What needs to be done
All lines below starting at the one that holds "Тонер CET NF8M" and ending at the one that holds "pineapple symbol of hospitality" should be printed exactly, ends included. Pictures should not be printed, nor anything else.

The data
'''
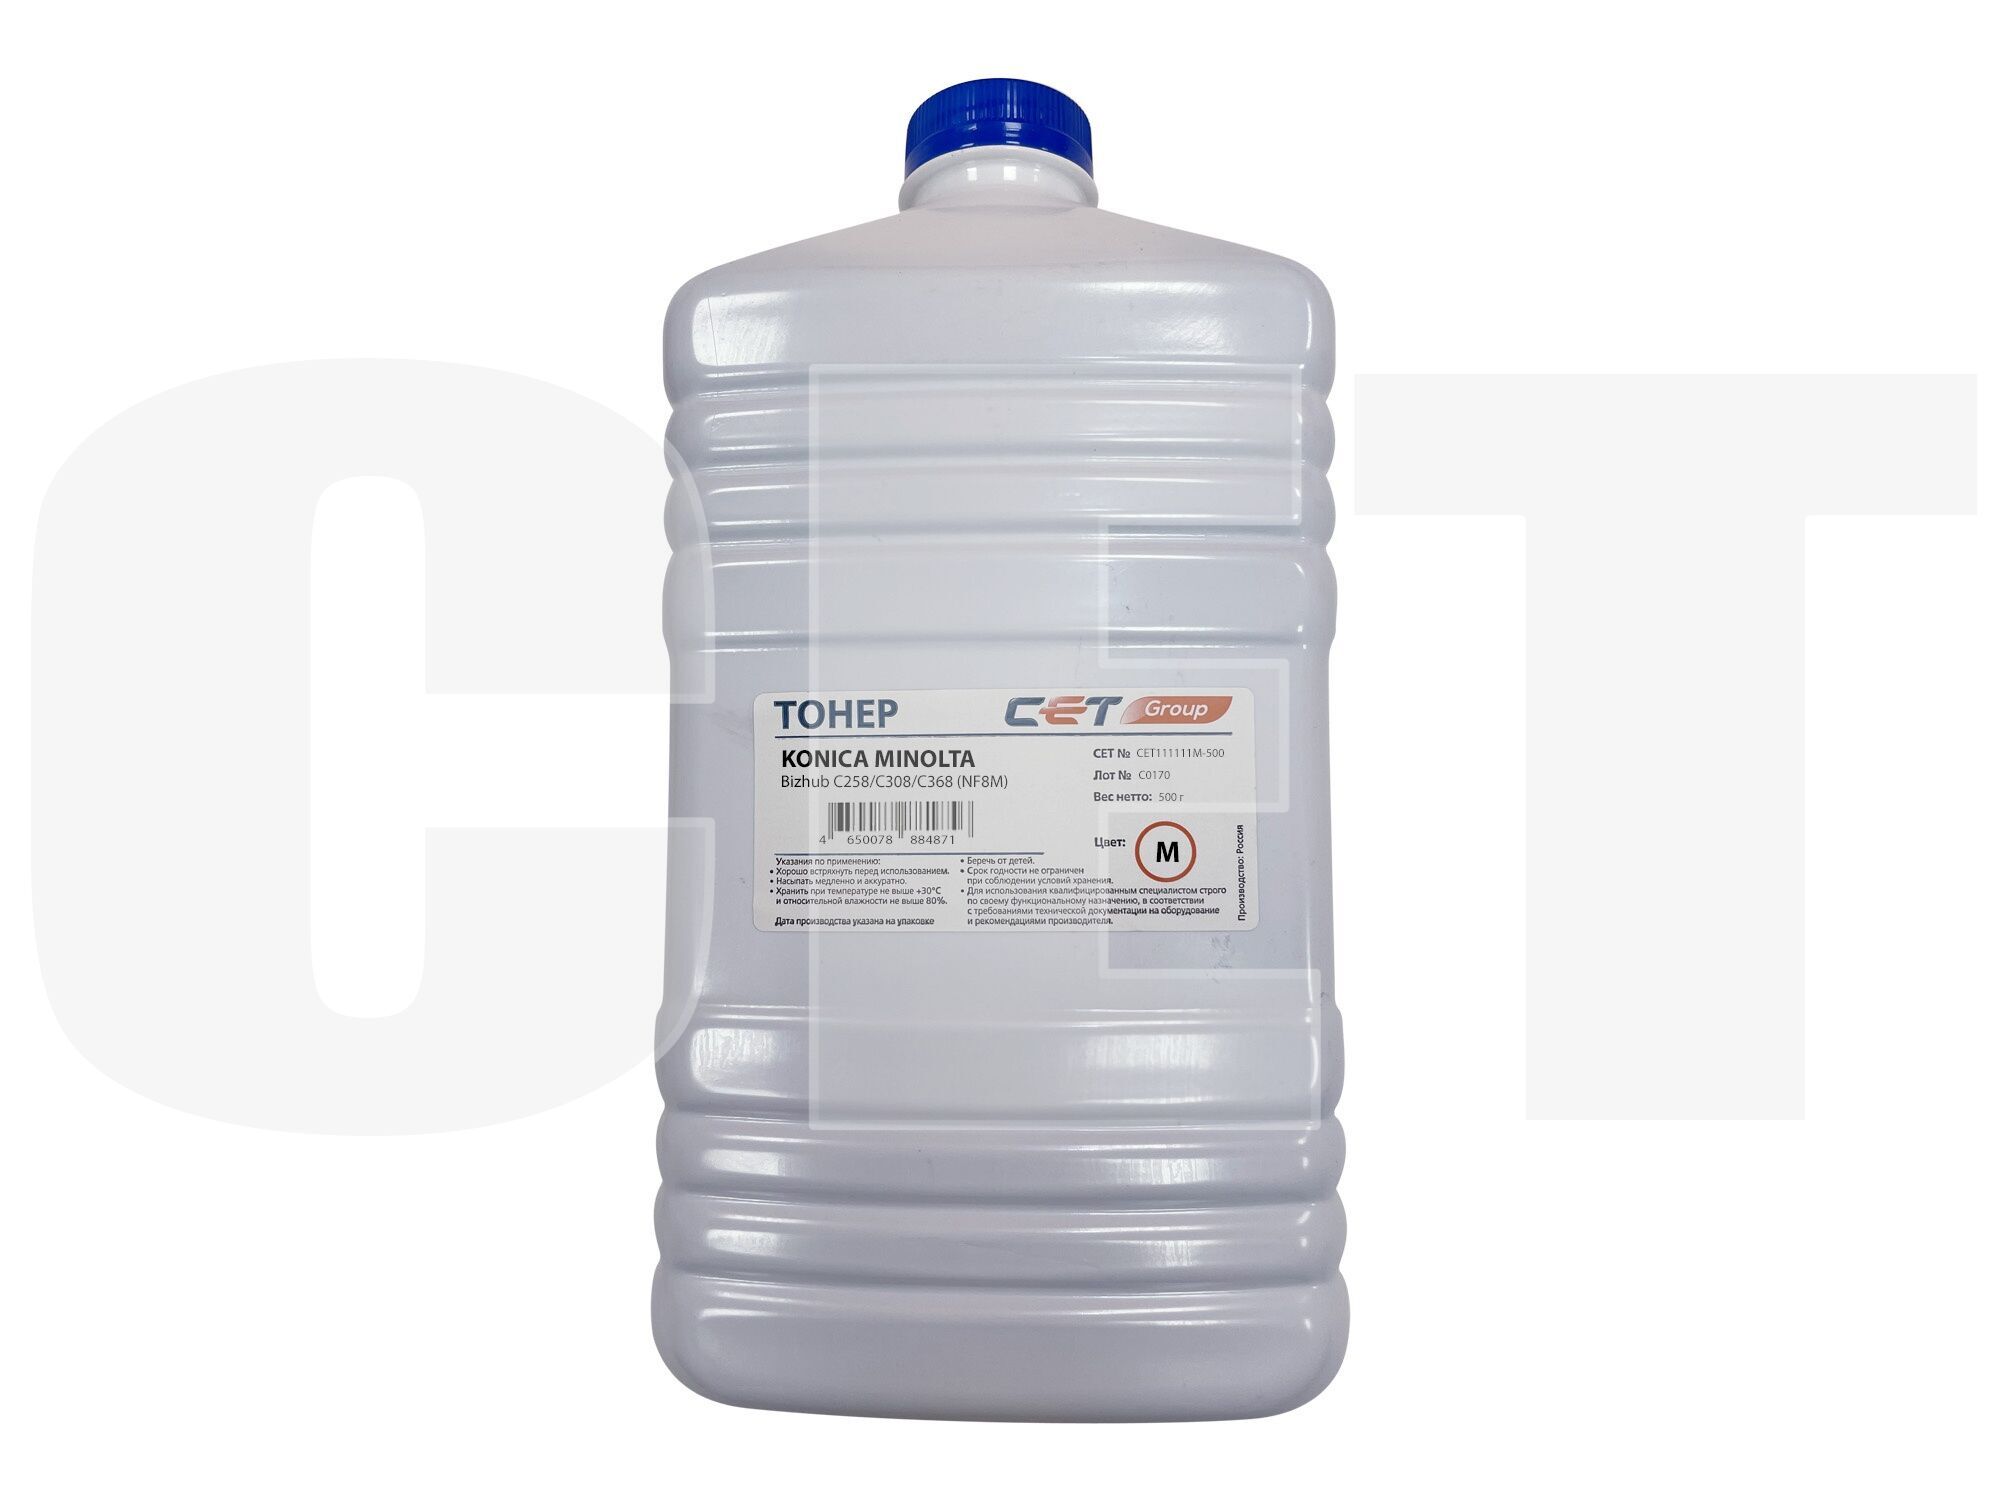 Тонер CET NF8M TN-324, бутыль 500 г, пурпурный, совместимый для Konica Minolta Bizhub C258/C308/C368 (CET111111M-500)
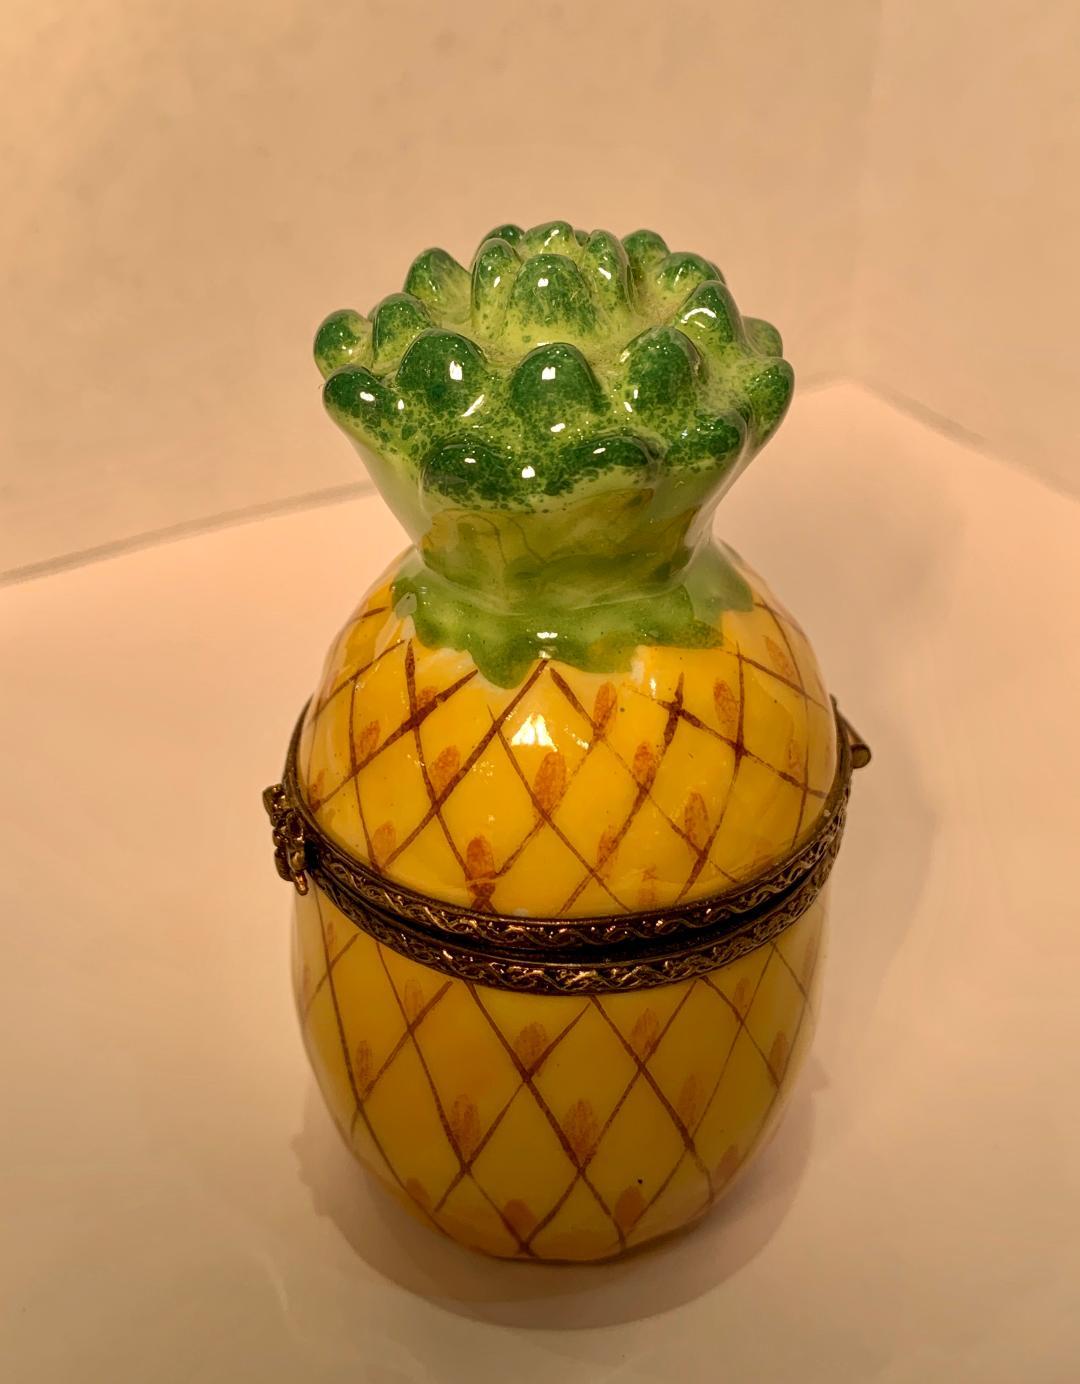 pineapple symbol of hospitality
'''
'''
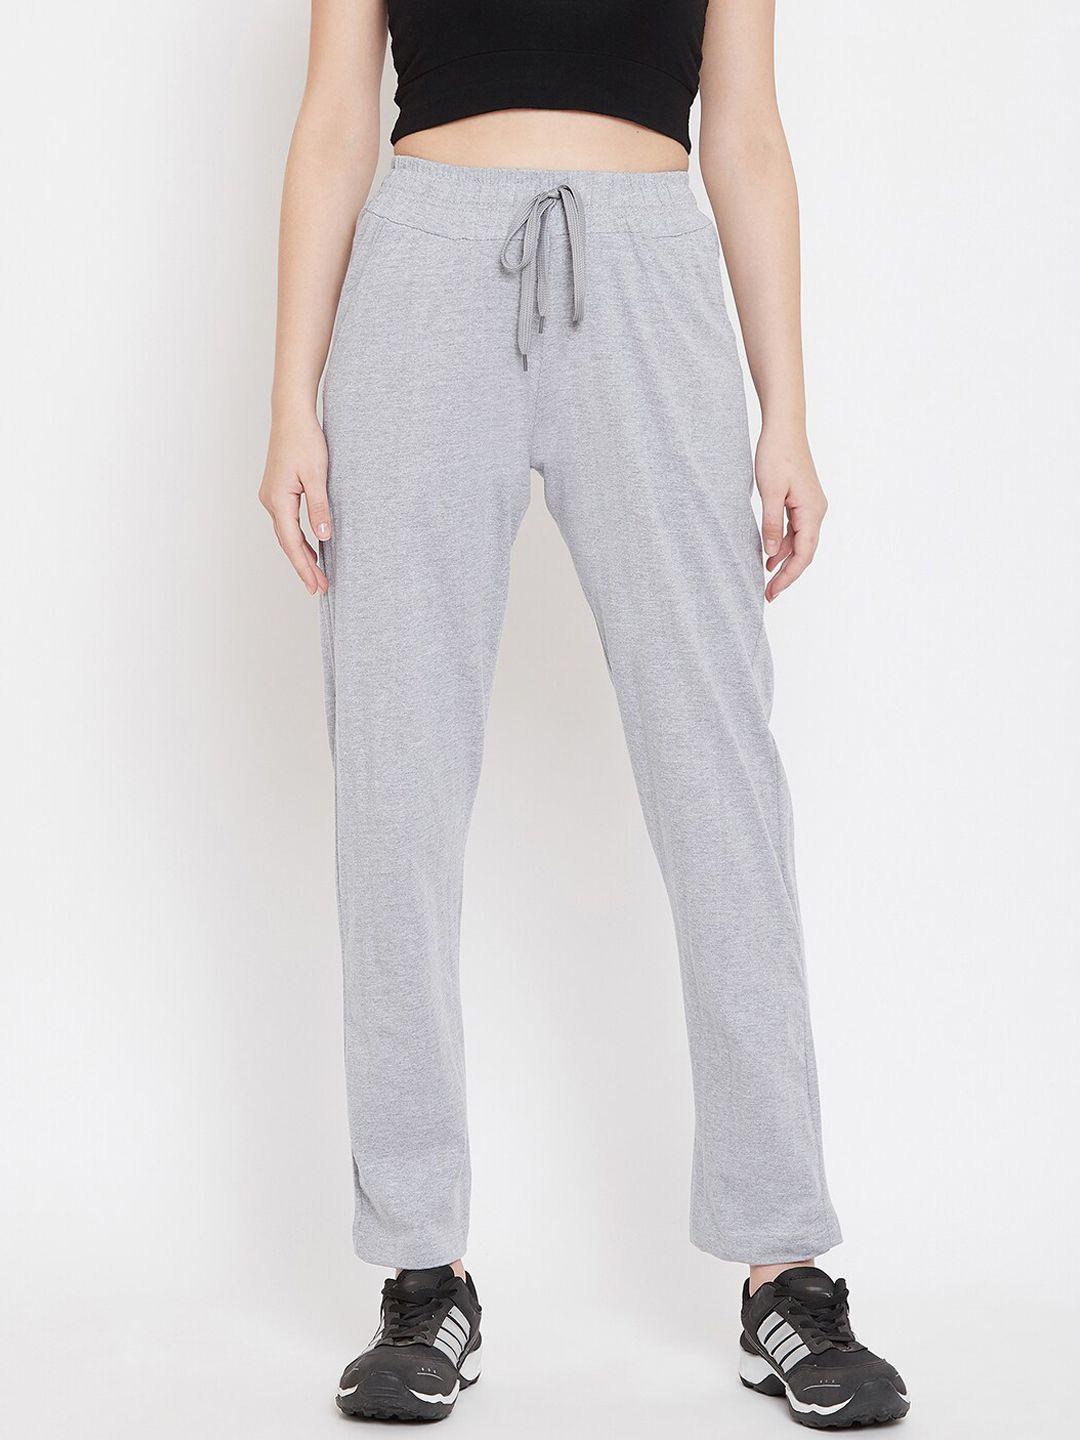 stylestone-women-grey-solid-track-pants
'''
Your solution
 Тонер CET NF8M TN-324, бутыль 500 г, пурпурный, совместимый для Konica Minolta Bizhub C258/C308/C368 (CET111111M-500)
 pineapple symbol of hospitality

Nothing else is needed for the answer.